Hi MrBrateee,

Can you tell us the name of the threat that Norton says it is blocking?  It should appear in the alert itself  or in one of the entries in the Intrusion Prevention logs in Norton History.

It is not related to the reports of the source code theft, which only affects users of pcAnywhere.

Is there stealing source code and, am I safe if install Norton again?

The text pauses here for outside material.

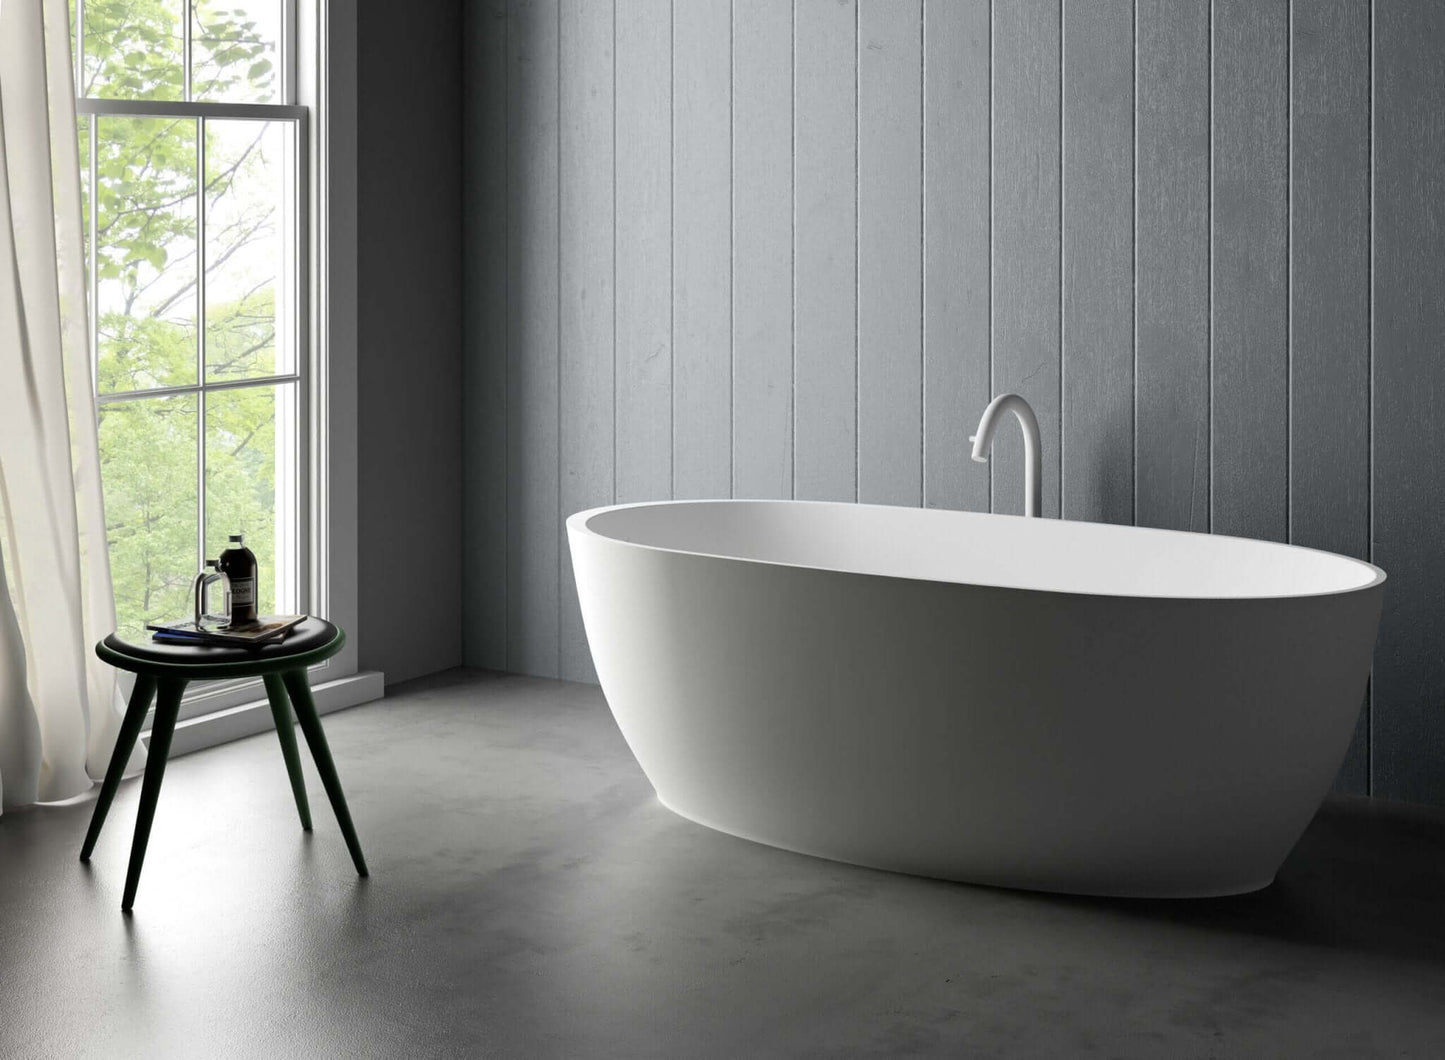 Ruvati White Canali epiStone Oval Freestanding Bath Tub - In Minimalistic Bathroom
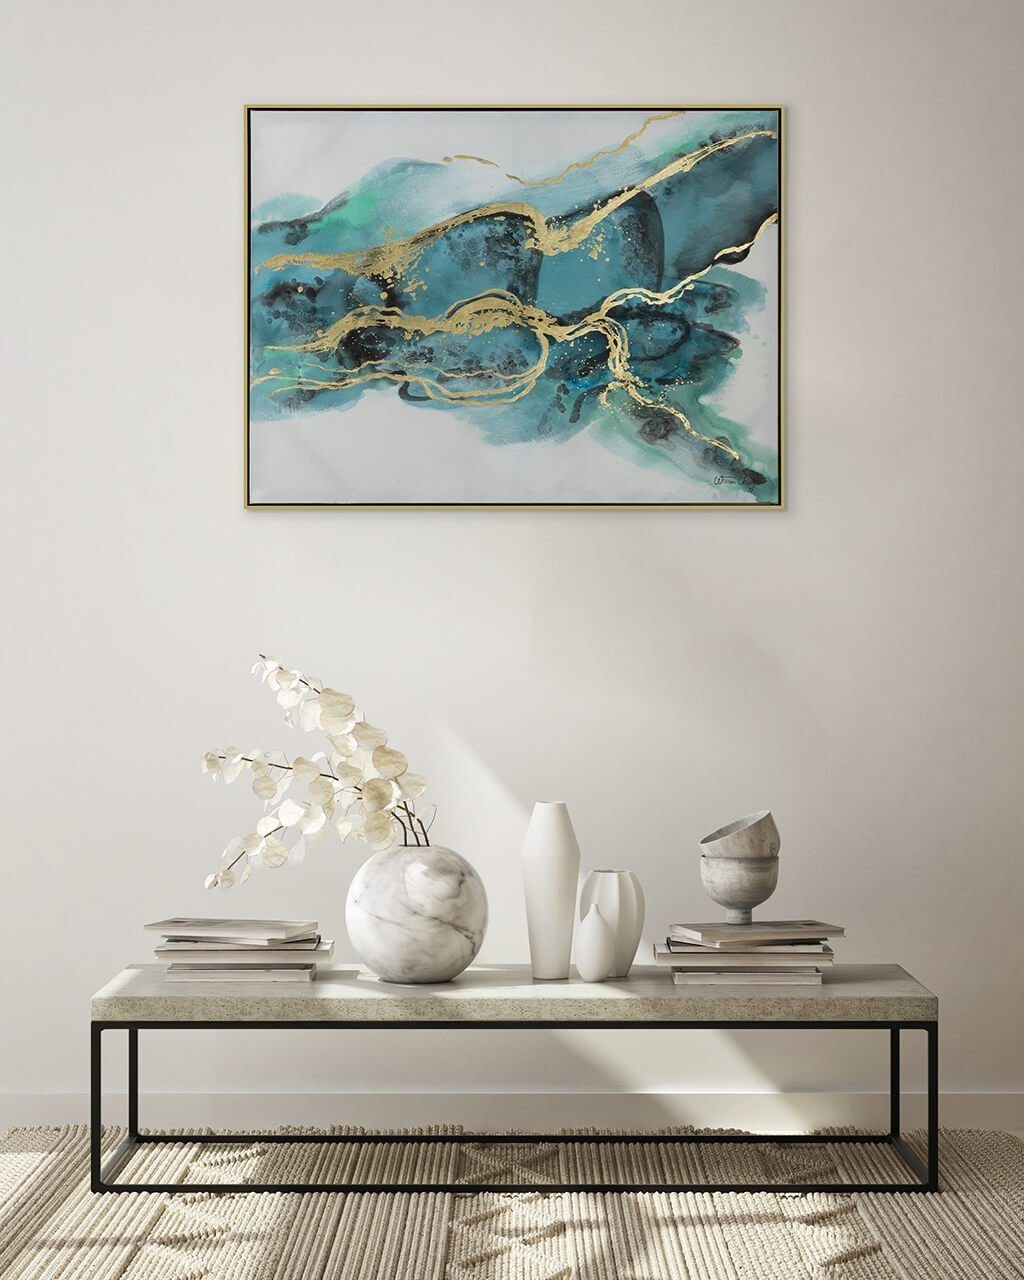 HANDGEMALT Magie 102.5x77.5 cm, Wohnzimmer Türkise Gemälde KUNSTLOFT 100% Leinwandbild Wandbild

My problem is not solved. :(

Hi MrBrateee,

OS Attack: MS PRCSS Attack CVE-2004-01162 is an exploit of an old vulnerability that was patched by Microsoft in 2004, so you are not likely to be susceptible to this specific attack unless you are running an OS that was not patched as listed here:

http://www.symantec.com/security_response/attacksignatures/detail.jsp?asid=20386

If you are seeing these only occasionally, especially when you are visiting a particular website, it may just be that the site is compromised and Norton is successfully preventing an exploit hosted there from running on your computer.  On the other hand, an OS attack is serious business, and if you are getting these repeatedly it may indicate something already on your system that is connecting out to launch the exploit.   When you look in your IPS logs, do you see any entries that list the threat as "System Infected?"  If so, you may wish to post to one of the free malware removal forums where trained experts can run tools to find any hidden malware that may be on your PC:

http://www.bleepingcomputer.com

http://www.geekstogo.com/forum/

http://www.cybertechhelp.com/forums/

http://forums.whatthetech.com/

Again, this has absolutely nothing to do with the stolen code from 2006, so persuing that angle will not be very productive.